To view this discussion on the web visit https://groups.google.com/d/msgid/antlr-discussion/72476945-1762-4caf-9d25-a0d585e55bb1n%40googlegroups.com.
--

Ryan Warren

unread,
Jan 16, 2021, 6:22:04 PM1/16/21
to antlr-discussion
Hi Federico,

Thank you for your reply. Currently I am using JavaParser and have found that it works brilliantly for everything I have needed to do so far. Unfortunately, as I am now trying to support other the use of languages, I was trying to find something that would allow this (From my understanding JavaParser can only parse Java code - but please correct me if I am wrong?).

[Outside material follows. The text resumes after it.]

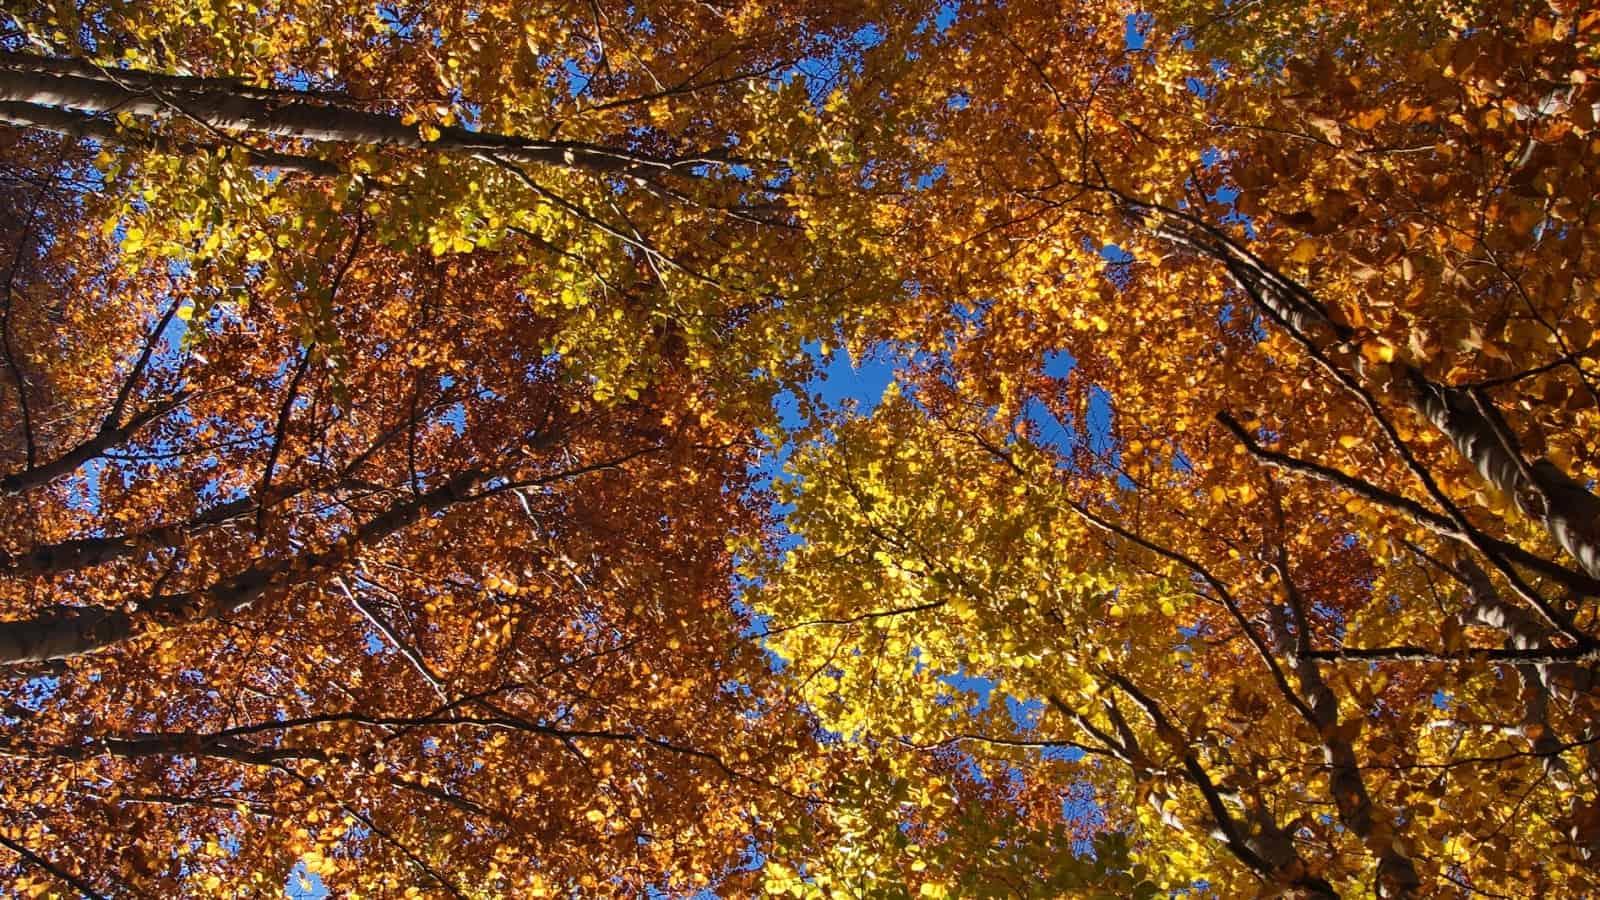 Laubverfärbung im Herbst - Foto: Naturpark Vachranski Balkan/Krasimir Lakovski

Essentially my end goal is to collect the tokens that are used in a method declaration (both the header and body) and I would like to be able to do the same for several other languages such as Python, JavaScript, and C.

Would you recommend using JavaParser when extracting the method tokens for Java specific files, and alternative parsers (Ideally written in Java), to extract the tokens that are represented in the methods for the other languages?

Cheers,
Ryan

Federico Tomassetti

unread,
Jan 18, 2021, 4:46:17 AM1/18/21
to antlr-di...@googlegroups.com
Hi Ryan,
I think that in the specific case of Java not having to write such a
complex grammar and evolve it over time is a great benefit, as Java
now started to change every other day. For this reason I would
consider "outsourcing" the maintenance of the grammar to an OSS
project, unless you have the energies to keep up with Java's
evolutions. In the context of building a polytlog analysis suite I
would consider wrapping Javaparser and writing parsers for other
languages myself (or collecting them and then build adapters in front
of them). This is how I would do that, but I think it really depends
on your goals and the resources you can dedicate to this.

Cheers,
Federico
> To view this discussion on the web visit https://groups.google.com/d/msgid/antlr-discussion/e6d529d4-7c23-4a39-82fb-3bb755a42c70n%40googlegroups.com.

Ryan Warren

unread,
Jan 18, 2021, 5:24:51 AM1/18/21
to antlr-di...@googlegroups.com
Hi Federico,

Thank you for the advice! That does make sense, providing and wrapper for JP was what I was considering. Creating an adapter for each outsourced parser also seems like a good possibility for initial proof of concept. I will have a look around (unless you might have any recommendations?) to see if I can find a JP equivalent for something Python again mainly for proof of concept first.

Cheers,
Ryan

You received this message because you are subscribed to a topic in the Google Groups "antlr-discussion" group.
To unsubscribe from this topic, visit https://groups.google.com/d/topic/antlr-discussion/uMAwx3SoX5Y/unsubscribe.
To unsubscribe from this group and all its topics, send an email to antlr-discussi...@googlegroups.com.
To view this discussion on the web visit https://groups.google.com/d/msgid/antlr-discussion/CAFux1qHr5F3r%3D0u_E0UDcnKMaKKSN13P35MF%2Bqf%3DOWZS6Vw%2Bgg%40mail.gmail.com.

iris xu

unread,
Jan 23, 2021, 4:40:42 AM1/23/21
to antlr-discussion
Hello, I have nearly the same concern. I need to parse & merge multiple AST trees of which rules happened to be written in ANTLR forms. However, I found those contexts will become invalid after the according parsers are closed. However, keeping all lexers & tokenstreams & parsers alive seems to be too heavy?

Martin Mirchev

unread,
Jan 23, 2021, 5:22:52 AM1/23/21
to 'edgar hoover' via antlr-discussion
Hi, I think you need to set the property BuildParseTrees to true to keep them alive afterwards.


Mike Lischke

unread,
Jan 23, 2021, 5:35:45 AM1/23/21
to 'rtm...@googlemail.com' via antlr-discussion

Hi, I think you need to set the property BuildParseTrees to true to keep them alive afterwards.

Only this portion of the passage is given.